Data science requires a combination of biomedical/industry understanding, big data engineering know how, and mathematical/statistical training. In today’s biopharma industry, I see data science as the necessary balance on the scale. Domain expertise will always be important, but it is too heavily depended upon. Technological capabilities and data will continue to grow exponentially, and it is up to data scientists to work with the domain subject matter experts to more broadly utilize data to bring greater business insight and, ultimately, create more efficient organizations.

How do you define data curation?

Data curation is the thoughtful and deliberate management of data, including cleansing, transformation and proper annotation / cataloguing. It ensures that data can be effectively consumed and integrated for business insight and organizational decision-making.

How big is the problem of messy data (missing metadata, data that is not FAIR) as a roadblock for data science? Can you discuss tricks and tips to streamline the data cleaning part of data sciences?

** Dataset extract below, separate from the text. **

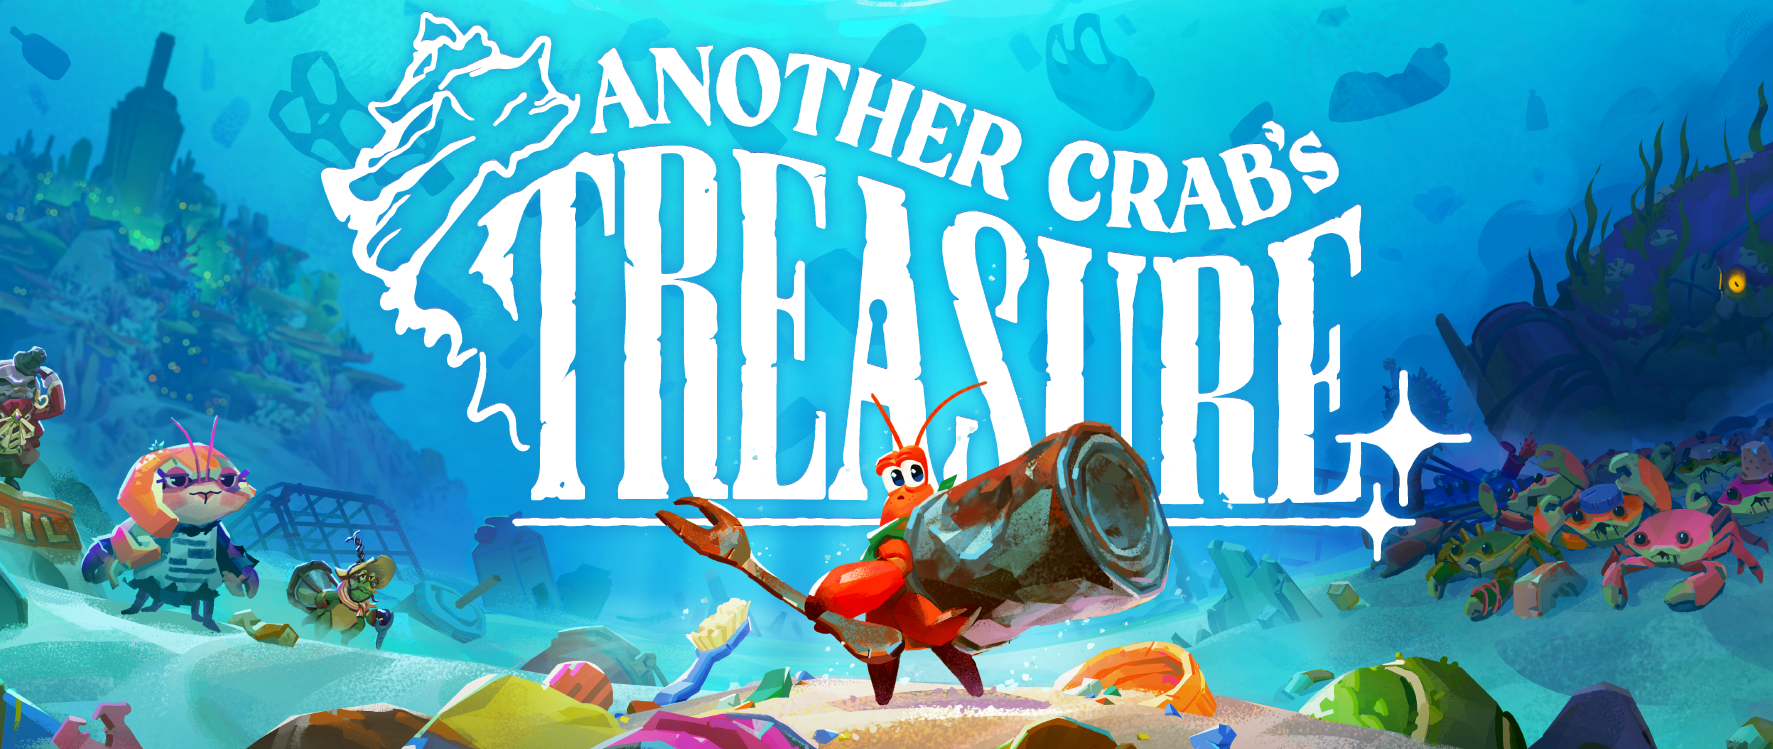 Another Crabs Treasure - №14 сила тока и круиз на корабле!

It is a problem and is exactly why data sciences needs to be foundational to an organization. On their own, organizations will continue to think of data in functional silos. Data science brings the horizontal perspective to an organization’s data. A data sciences group must be persistent in its foundational aspects and work to establish a data culture. Machine learning can also help with the messy data problem. We need to continue to get better in our ability to use machine learning algorithms and applications to answer important questions for our organizations.

ROI & economics are not to be forgotten talking about data science. How do you calculate ROI of your data science efforts?

For each data sciences project we create an impact statement. The impact statement articulates new capabilities, new learnings/awareness, efficiency gains, and cost savings for the organization.

Are there areas which you feel are ripe to apply data science tools which have not embraced them much yet?

Clinical Development Plans/Clinical Trials. I would like see data science strategies and digital tools more broadly and systematically utilized in in the planning and execution of today’s clinical development programs. We also need to continue to make progress on more experimental technologies, such as sensors, that don’t have a firm place in human experimentation but have tremendous potential.

Have you had any experience with data science methods being misused because the implementer did not fully understand the methodology?

I don’t have a specific example, but this is an important consideration. Data science methods must be thoughtfully and appropriately applied to any business problem. This is impossible for a data scientist to do in vacuum. For any project, there must be considerable interaction with the relevant subject matter experts to ensure the questions are clearly articulated, the data sources and methodologies are appropriately selected, and the limitations of both the data and the methodologies are understood. Overall, data science is very dynamic field and the biopharma industry community should continue to work to maximally leverage the data science potential.